Reviewed by Asher Syed for Readers' Favorite

Lynn Hesse’s Part of the Stars begins in 1878, Arkansas, when midwife Myra Logan vanishes after visiting the McCurdy family and wakes inside a mountain cave ruled by pale beings. Her husband Zepeda searches across the winter frontier while Myra’s aunt, Nellie Gatewood, presses officials to treat Myra as a missing woman in danger. Beneath the earth, Myra uses her medical skill to survive among the cave people, then learns that the blue-robed visitors have plans for the child growing inside her. When her daughter Adeline is born with signs of both worlds, escape becomes only the first part of Myra’s fight to return home before the forces below claim the baby as their own, placing Zepeda’s search against a hidden world that has already marked his family from a place still unknown.

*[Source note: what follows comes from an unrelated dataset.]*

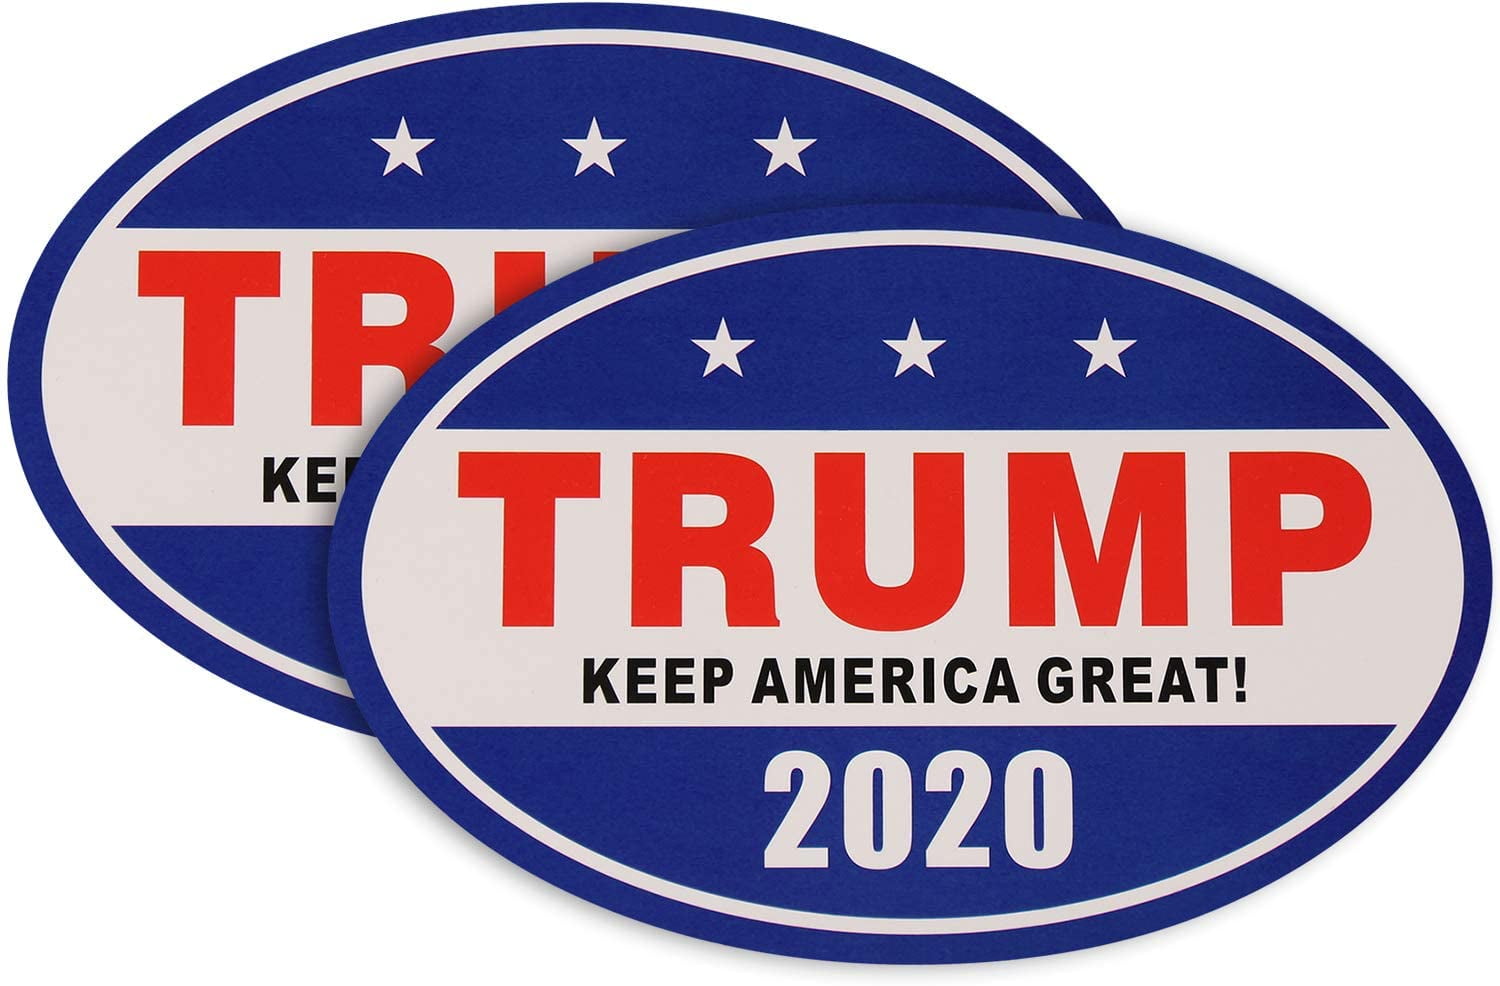 Wholesale Lot of 6 Americans For Trump Keep America Great Black Bumper Sticker

Lynn Hesse’s Part of the Stars turns its title into a family mark, as lost loved ones become celestial presences. I like Myra because she remains a healer even after terror remakes her home. She warns Adeline to hide her plant-reviving power, then shelters Sarah after silver-being nightmares leave her pregnant. Sarah, the mother Myra trains, becomes an affecting ancillary figure. She learns midwifery at the Logan farm, then searches the remote country after Alice vanishes. The blue-robed beings make great antagonists through serene violation. The Boston Mountains feel cinematic because homestead life holds cosmic danger. The supernatural material works because it changes family life itself. Adeline heals a dying plant by touch, while Loca’s oval weapon turns red light into defense. This novel suits historical fantasy readers drawn to frontier midwifery shaped by supernatural suspense.